И для русских масонов центральной была связь между добродетелью, общественностью и совершенствованием общежития. Добродетель должна была стать гарантом лишенного политических червоточин общества. Путь к добродетели лежал через восприятие морали и нравов, нравоучения – например, в сложных масонских ритуалах. «Ложа, таким образом, занимала привилегированное место в публичном пространстве общества. Ее члены утверждали и то, что обладают секретным знанием, необходимым для достижения добродетели, и то, что они являют собой воплощенную добродетель. Это, в большей степени, чем репрессии со стороны государства, объясняло главную роль масонской секретности. Ибо в своей деятельности масоны стремились создать общественную иерархию, основанную не на благородном происхождении семьи, чине, положении при дворе или богатстве, но на близости к добродетели, поставив себя на ее вершину. ‹…› Масоны полагали, что участвуют ни много ни мало в создании нового человека, человека морали и добродетелей, обладающего качествами, необходимыми для поддержания общественного порядка и совершенствования блага общего»[41].

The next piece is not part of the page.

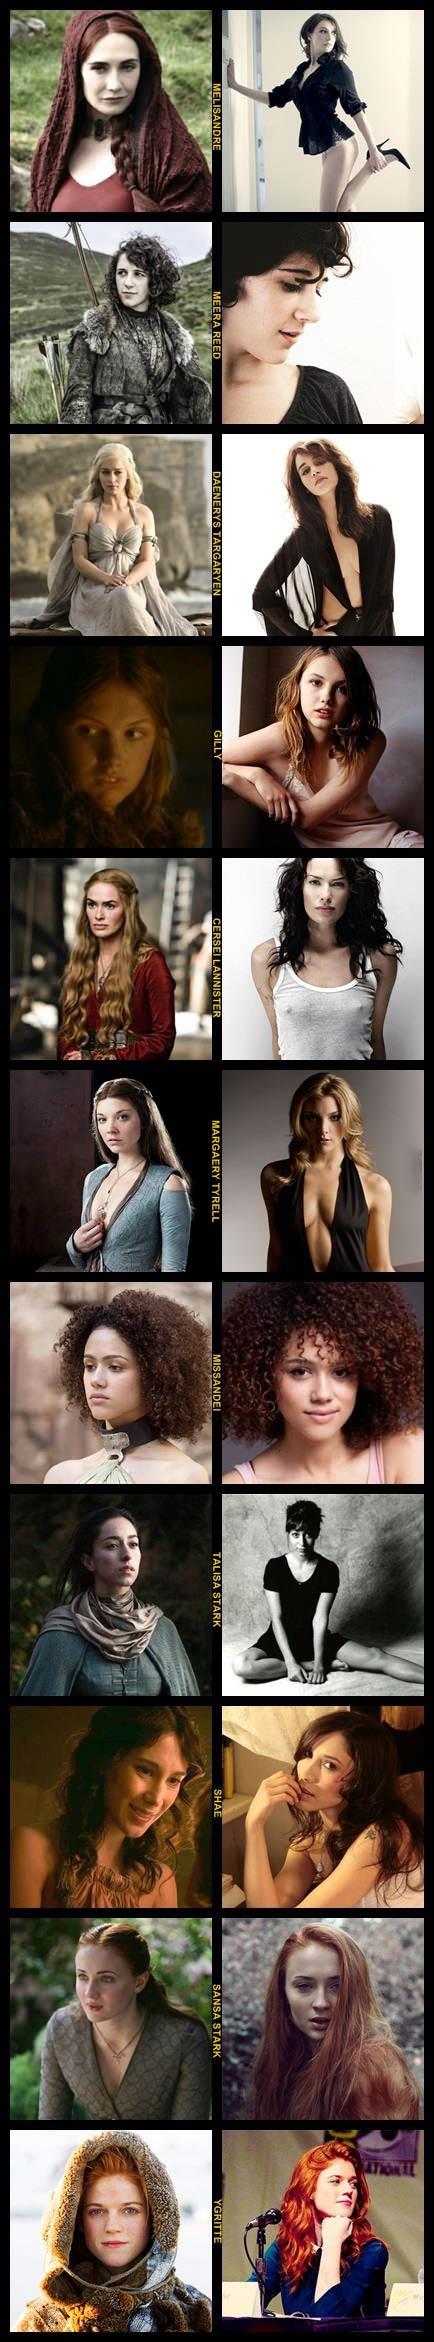 game of thrones, women, actresses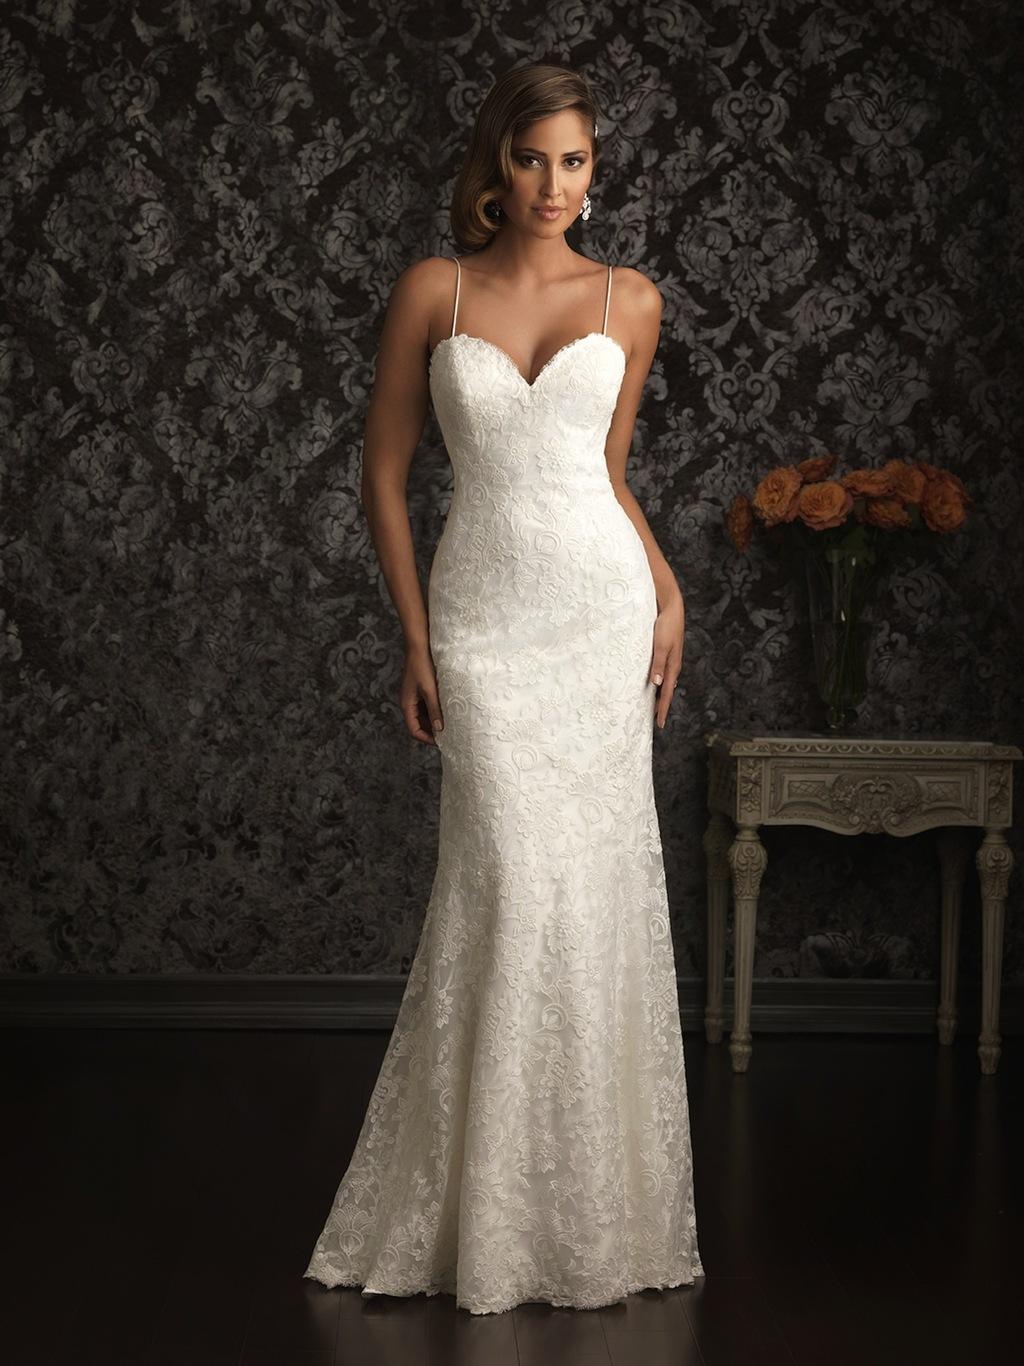 Allure Wedding Gowns 033 - Allure Wedding Gowns

Подобное подчеркивание идеи нравственного совершенствования, упражнения в добродетели и образования не является спецификой масонских лож, это общая черта европейского Просвещения, которая стала движущей силой бума социального общения с середины XVIII века. Просветители, враги конфликтов и вражды, энтузиасты гармонии и легкости, ждали от sociabilité (французский термин появился лишь в начале столетия) синтеза своего и чужого, разума и чувства, нравственности и экономики, причем не подвергая фундаментальному сомнению политический строй[42]. Так, английский просветитель Уильям Хаттон писал: «Человек безусловно создан для общества: сообщение одного с другим, как трение двух блоков мрамора друг с другом, уменьшает грубые неровности поведения и сглаживает манеры». «Образование, культура и просвещение» и для Мозеса Мендельсона представляли собой лишь «модификации общественного обхождения, результат старания и усилий людей улучшить их общественное состояние»[43]. Особенно шотландские просветители – такие, как Адам Смит, которого жадно читали в Европе, – полагали, что в мире, который все больше кажется искусственным, эгоистичным и раздробленным, социальное общение представляет собой один – если не единственный – из ключей к политической добродетели и тем самым к лучшему обществу. «А хранитель нравственности – общество, а не некий нравственный законодатель. После Смита большинство практикующих шотландских идеалистов принимало тот факт, что нравственность проистекает из врожденного чувства, а не из абстрактной логики или рассудка, и – это еще важнее – что и публичная, и частная добродетель основывается на общении низового уровня, кажущемся тривиальным»[44]. Притяжение социального общения для политической мысли европейских просветителей объясняется также их убеждением, что следующее лишь рассудку определение природы человека односторонне. Просвещение несло с собой собственную самокритику.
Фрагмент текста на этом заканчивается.